An Actual Short Tale About Fiona

It would be tempting to consider Fiona Paracelsus’ first successful attempt to create a homunculus. However, Paracelsus himself did not consider her successful. She was simply the first attempt to not break down into individual ingredients within a few days. Instead, she continued to absorb nutrients and grow, eventually having to be transferred to progressively larger flasks.

She remembered little of those early days. Mostly because her mind wasn’t designed to hold on to memories as conscious recollections. As she grew, however, she developed a desire to explore and began to move and develop senses. At first, she did not create traditional sensory organs. Since the goo that made up her body could react to just about anything, she found that all she had to do was adjust it to experience light and sound without changing anything about herself that could be observed from the outside.

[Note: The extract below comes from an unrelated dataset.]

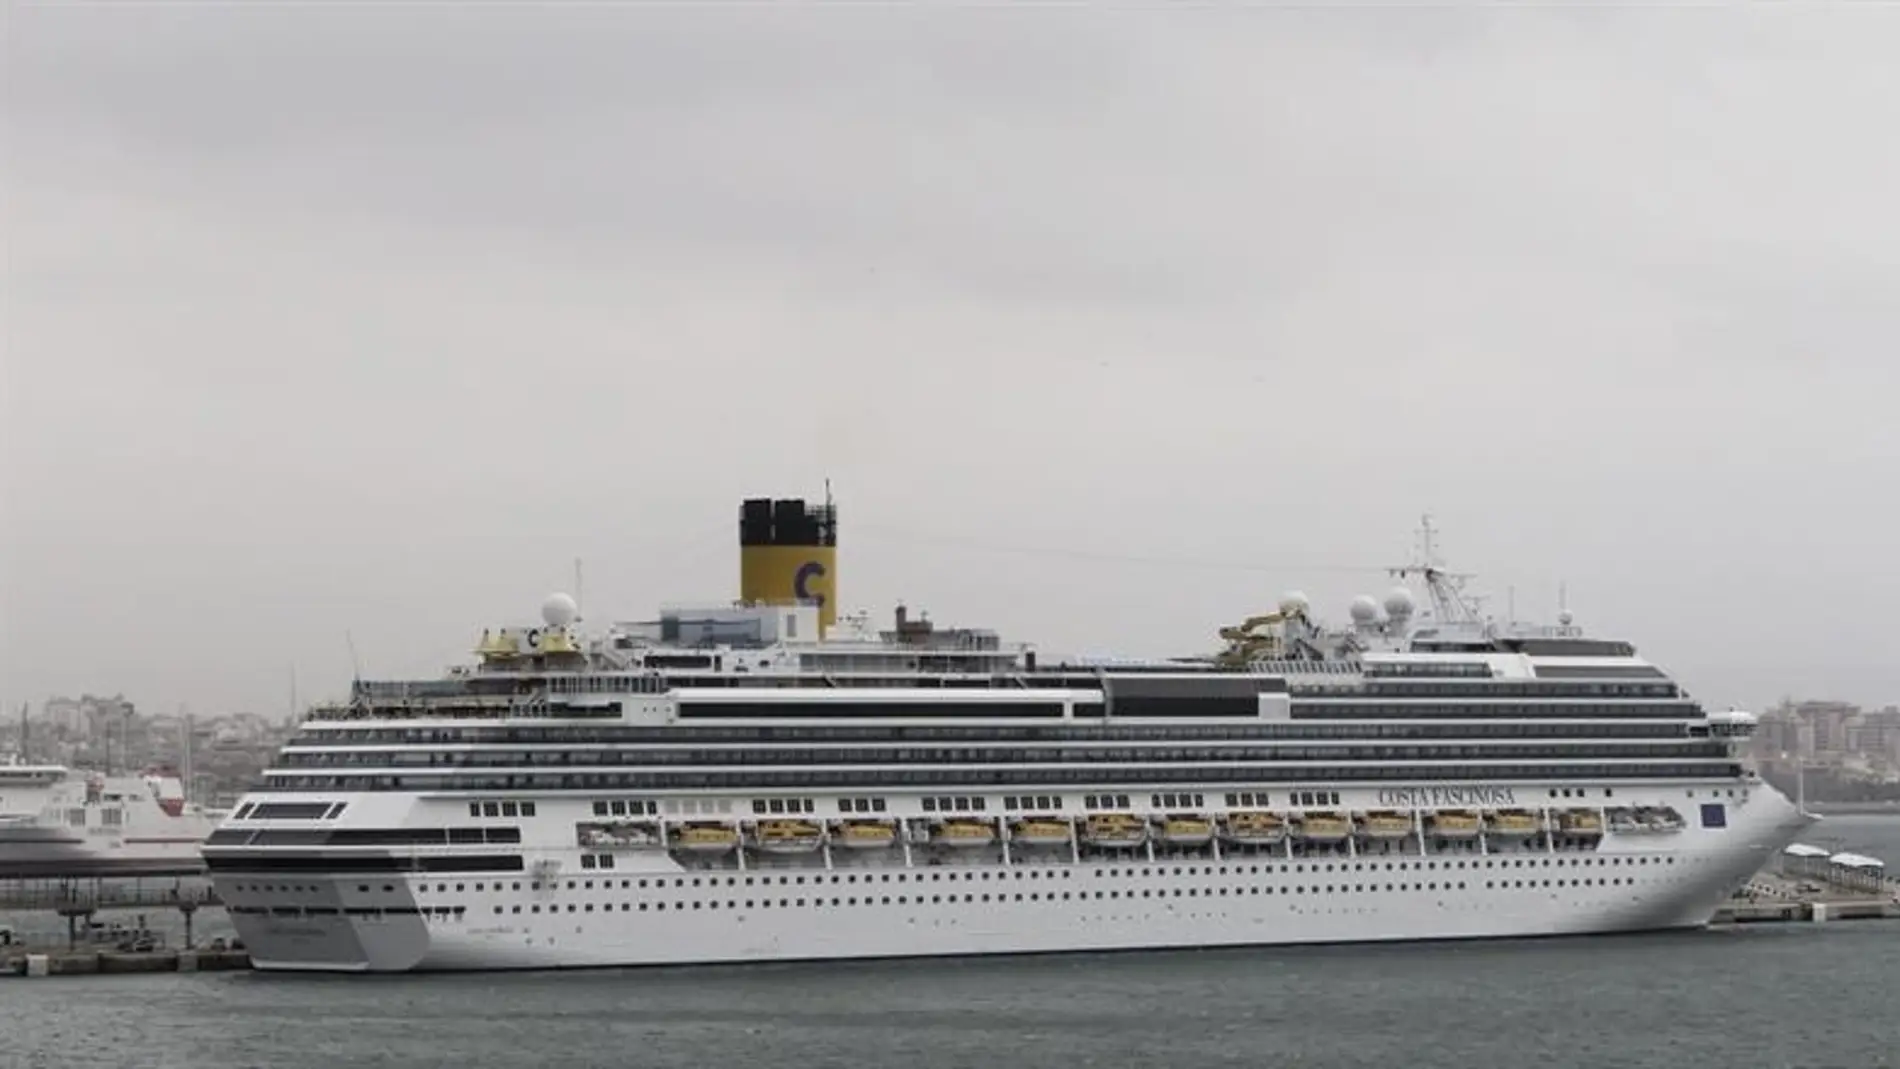 El crucero 'Costa Fascinosa' a su llegada al puerto de Palma

Even if he couldn’t tell what all she was experiencing, Paracelsus was pleased to see his creation start to move. He would remove her from her flask and experiment with her on a table in his lab, placing objects nearby and seeing how she reacted to them, carefully noting how each interaction played out.

He would talk to her, as well, and she would listen. At first she simply enjoyed the various sounds, but eventually she began to realize that certain sounds meant certain things. She didn’t understand what communication was, but she decided that she wanted to try repeating the sounds, to see how Paracelsus would react.

However, she found that making the appropriate sounds was more difficult than she realized. In her blob-like state, she could do very little. She needed to change what she was made of. Thankfully, she discovered that changing was little different from moving. Her body could become hard and rigid or soft and pliable. It could even imitate the objects Paracelsus used to test her. The only thing it couldn’t do was break apart and come back together. Any part of her that separated from the bulk was no longer her, becoming nothing more than whatever form it happened to be at the time.

Fiona was delighted with these new discoveries. The only problem was that none of these new forms allowed her to make sounds. This was frustrating as she was now finding that the desire to speak was overwhelming. She didn’t understand why, but it seemed that speaking would open entirely new worlds to her. She needed to figure out a new approach.

One thing Paracelsus hadn’t done during Fiona’s life was touch her directly. He would always handle her with gloves. She figured out that this was just something covering his real body when she saw him remove the gloves. Whatever was under those gloves, she realized, was a secret being kept from her. And so one day, when Paracelsus was writing notes at his desk, she reached out, stretching across the space between the table where he kept her and his desk, and touched him.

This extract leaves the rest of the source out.